Summary of the Amazon DynamoDB Service Disruption in Northern Virginia (US-EAST-1) Region

31 points by dryya


fanf

One of the under-appreciated features of the standard DNS UPDATE protocol is that it is transactional. (AWS Route53 has proprietary APIs for managing DNS data.)

There are big caveats with DNS UPDATE, tho: the update is atomic on each authoritative server individually, but the secondaries will apply the atomic update later than the primary; and if the update modifies multiple RRsets then resolvers might cache a mixture of old and new states.

The main way transactional updates are useful is to eliminate any window where records are missing. (You can avoid spurious NXDOMAIN without transactions in many cases by adding new records before deleting old ones, but that doesn’t work if you are changing from A to CNAME or vice versa.) This is nice because transactional updates make it really easy to ensure an update is idempotent: the UPDATE message can simply say: delete all the old records regardless of what data they contain, and add these new records; and the change happens as an atomic unit.

The risk with that kind of idempotent update is that last-write-wins is often not what you want.
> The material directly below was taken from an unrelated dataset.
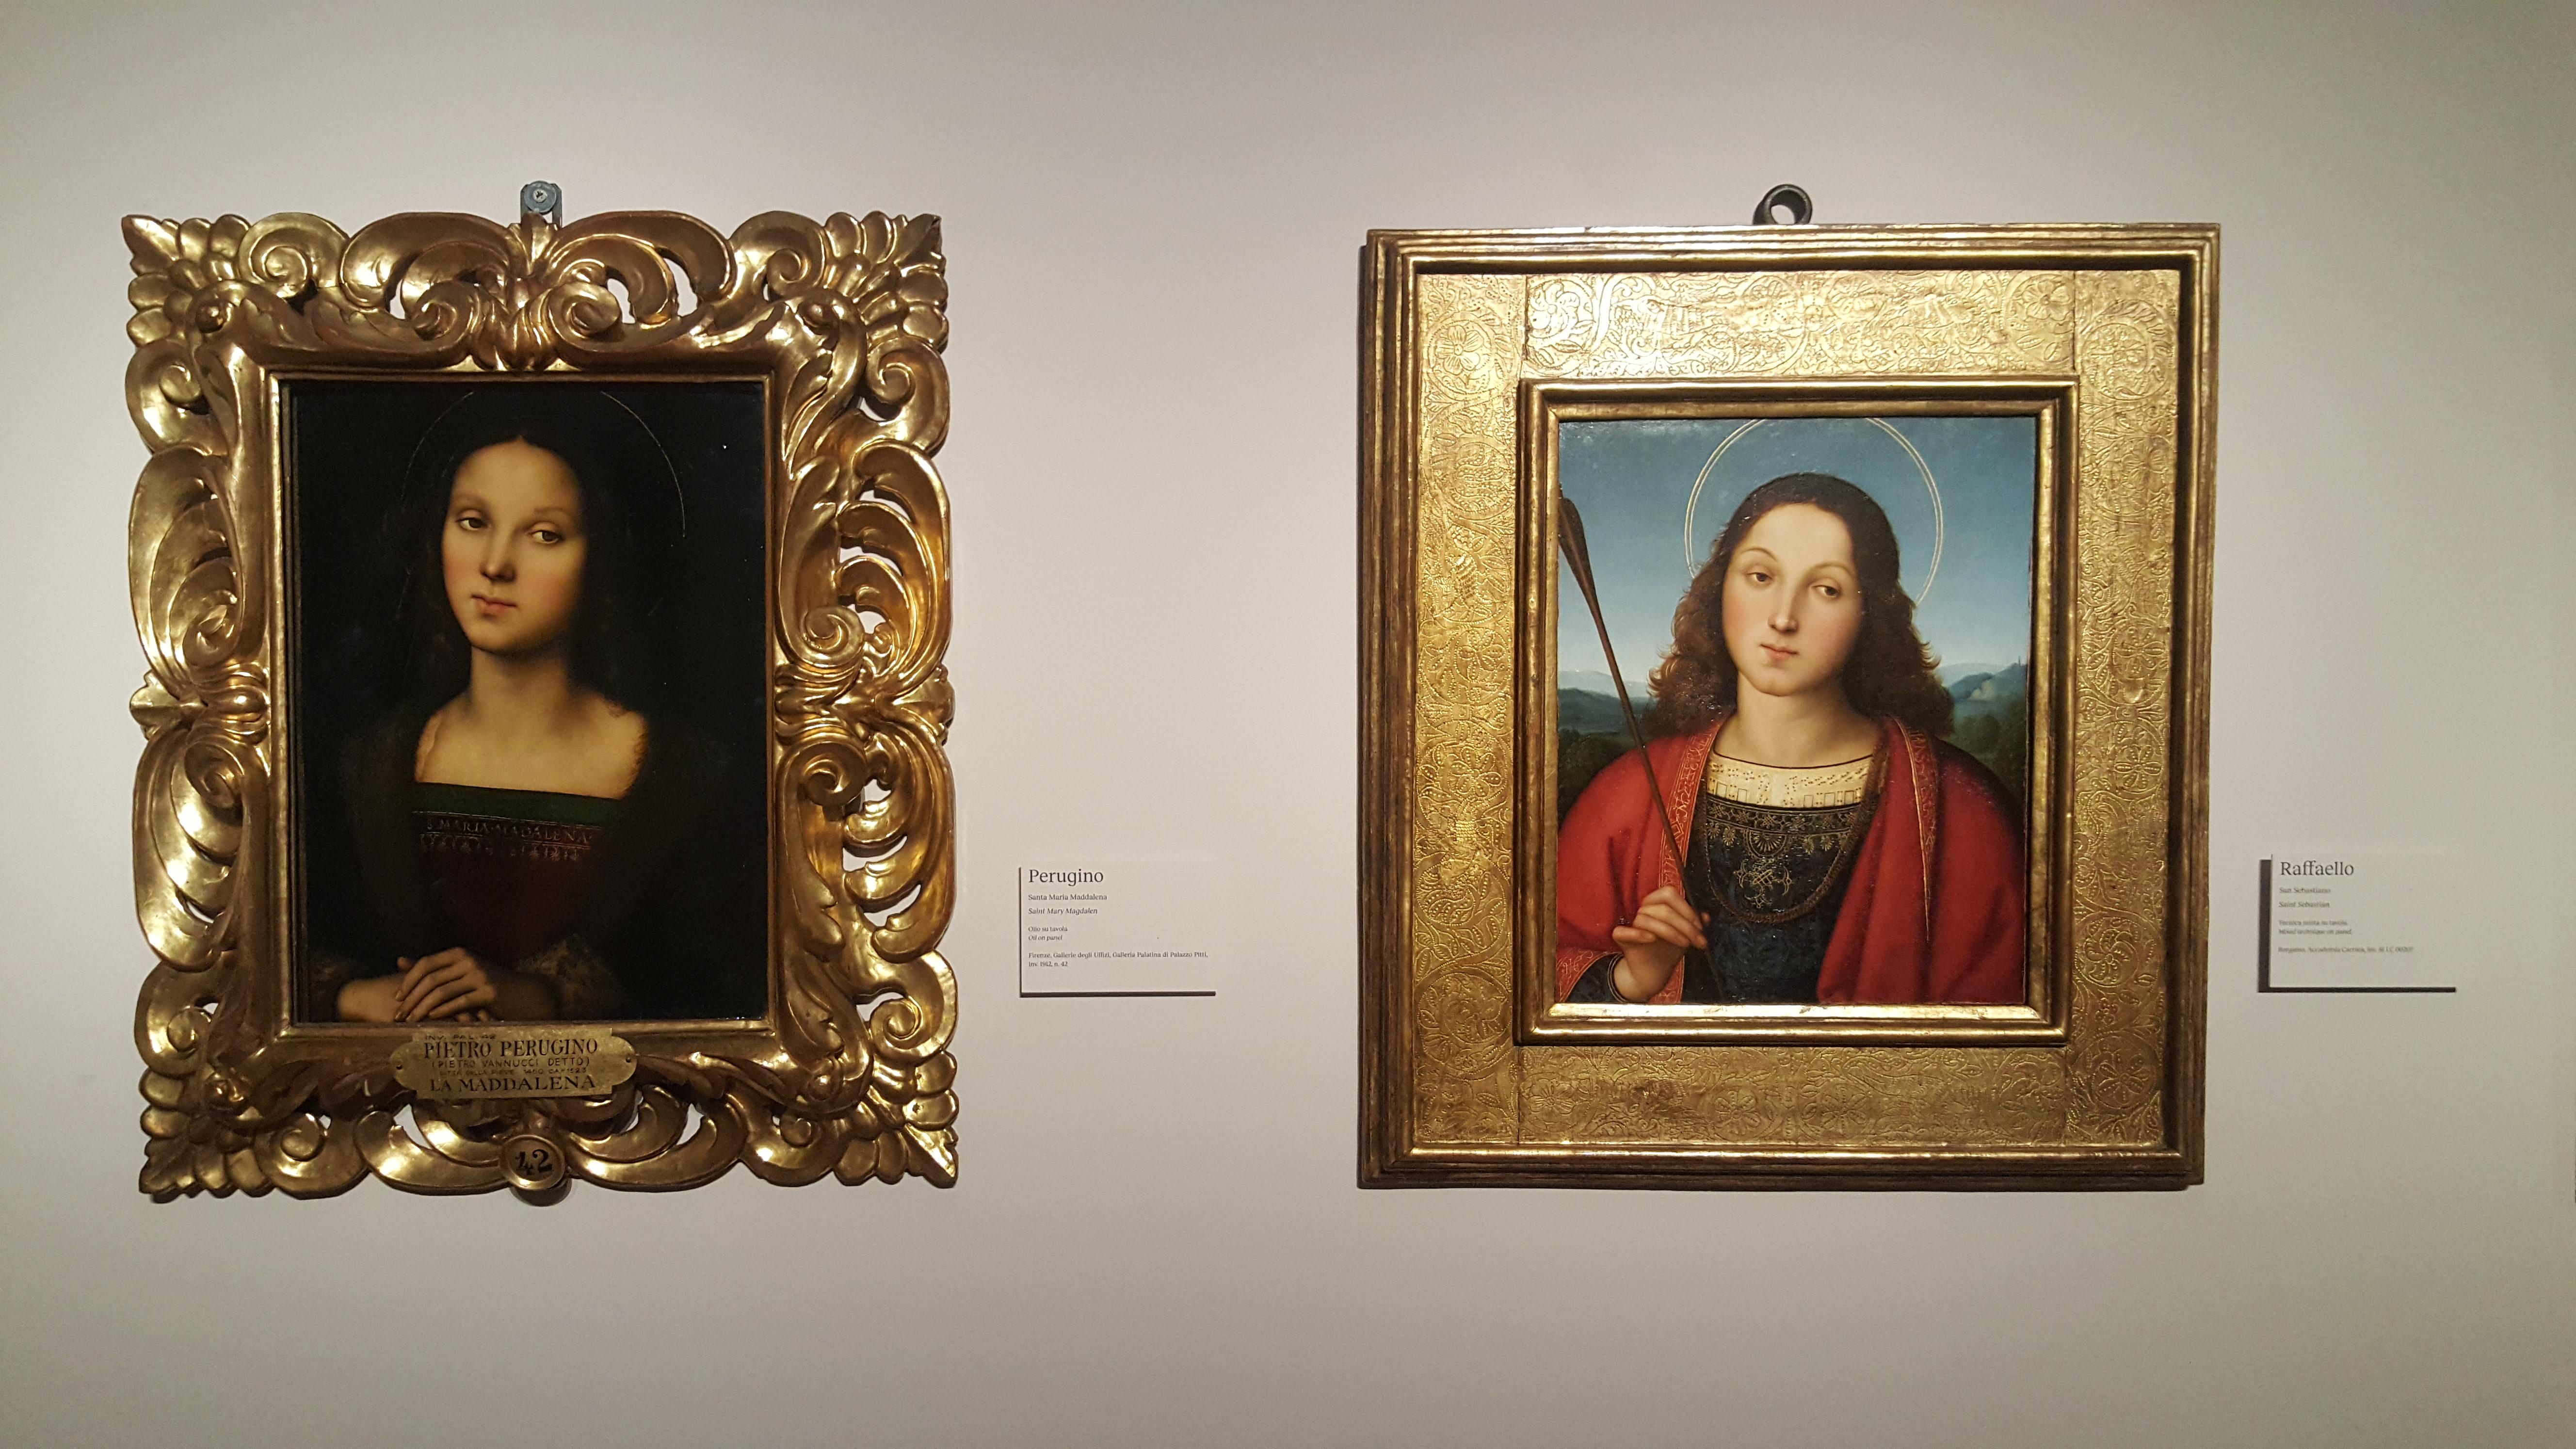 Raffaello, Galleria Nazionale delle Marche-Palazzo Ducale

But that can be fixed with a more obscure feature: an UPDATE can include prerequisites. An UPDATE can check that records are present or absent or contain particular data before applying the change, and the prerequisite checks can examine different names or record types from the ones that are to be changed. This can be useful to prevent TOCTOU races.
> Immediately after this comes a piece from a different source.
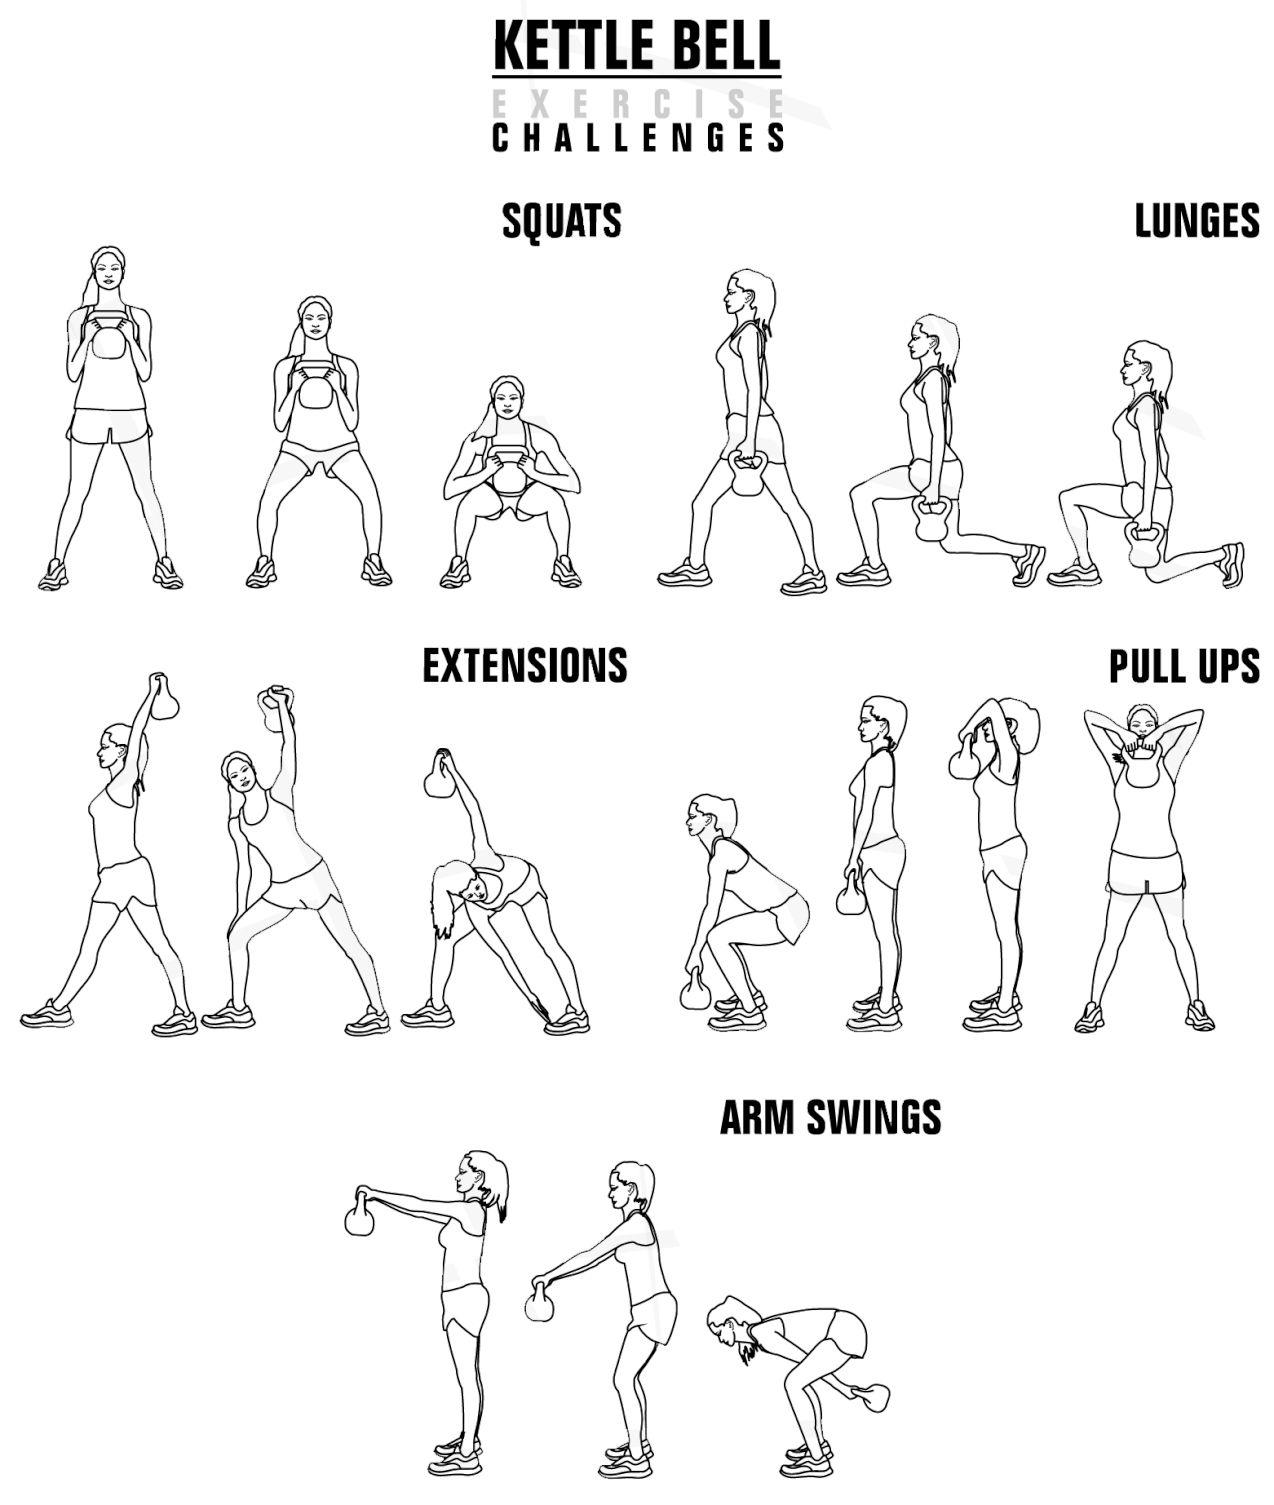 41KJ-EXERCISES

So, for example, if you have a versioned RRset that might be updated concurrently by multiple clients, you can stuff the version number in (say) an HINFO record next to the A records, and your UPDATE message can have a prerequisite that the HINFO matches the preceding version before replacing the HINFO and A records as an atomic unit.

Sirikon

The race condition in the service updating DNS records sounds obvious. Surprising that no one caught that one before (or during the design phase, honestly). Also surprising that this didn't happen before.